# Thames Water bunker- Blunsdon



## dale54 (Jun 9, 2013)

Thames Water bunker in Swindon Blunsdon, very good condition inside still, no graffiti or damage inside at all surprisingly 






Extremely thick airlock doors


----------



## Neverwillchange (Jun 9, 2013)

Great pics did you get any of the generator ?


----------



## Ramsgatonian (Jun 9, 2013)

I wonder if the lavatory has been befouled by one of the lunatics who find it obligatory to park a turd in derp toilets.


----------



## dale54 (Jun 9, 2013)

Neverwillchange said:


> Great pics did you get any of the generator ?



This it?


----------



## dale54 (Jun 9, 2013)

Ramsgatonian said:


> I wonder if the lavatory has been befouled by one of the lunatics who find it obligatory to park a turd in derp toilets.
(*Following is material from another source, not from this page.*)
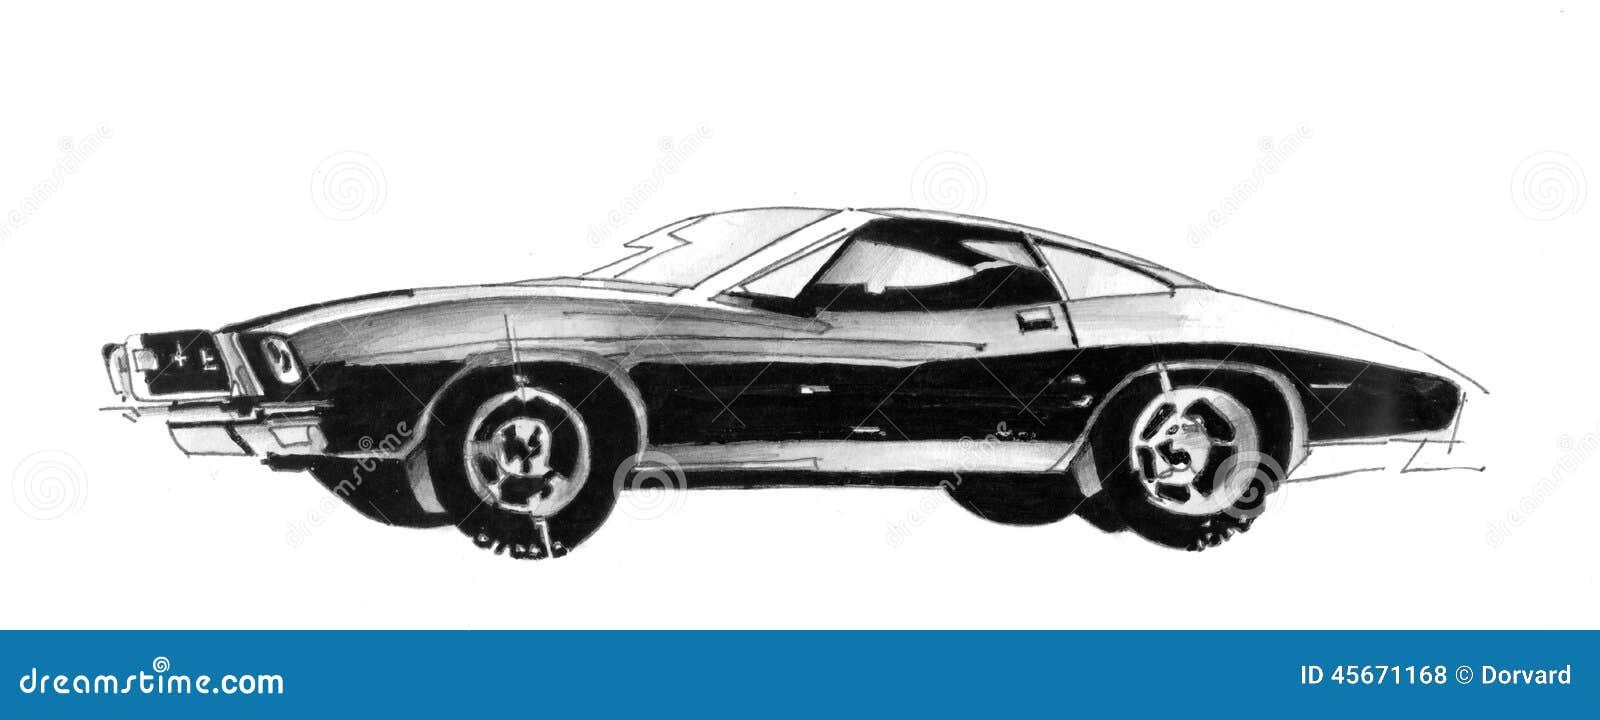 Retro Sport Car Drawing Illustration 45671168 Megapixl

I didn't get to close  Although i did see it has bars across it for some reason :/


----------



## flyboys90 (Jun 10, 2013)

Amazing unspoilt site.


----------



## Derelictspaces (Jun 12, 2013)

Your using flash I see... Could have just turned the lights on ya know  Seriously, they still work. I'm currently walking back from said bunker.


----------



## Derelictspaces (Jun 12, 2013)

dale54 said:


> I didn't get to close  Although i did see it has bars across it for some reason :/



The bars are on there for a couple reasons. The mains water is linked up still, all you would have to do is turn the valve on which is in the room with the large tanks in. Thames Water don't want wasted water, or worse someone dropping a chocolate log and blocking it all up so it overflows and stanks the place out. Besides... The waste system won't work without being turned on first. All the correct valves and such need to be turned so that the system would evacuate to the mains rather than the tanks, again so it doesn't stank the place out.


----------



## Derelict-UK (Jun 12, 2013)

To allow this place to stay unspoilt, maybe you could remove the access pictures (unless you were let in permission visit and had a key?)


----------



## dale54 (Jun 19, 2013)

Derelictspaces said:


> Your using flash I see... Could have just turned the lights on ya know  Seriously, they still work. I'm currently walking back from said bunker.



I wondered if they would  was scared it would activate the security sensor though


----------



## dale54 (Jun 19, 2013)

Derelict-UK said:


> To allow this place to stay unspoilt, maybe you could remove the access pictures (unless you were let in permission visit and had a key?)



Removed the outside picture


----------



## Derelictspaces (Jun 19, 2013)

dale54 said:


> I wondered if they would  was scared it would activate the security sensor though



I've never set it of and a few of use used to use it as a hangout lol. Even started the generator up a few times.


----------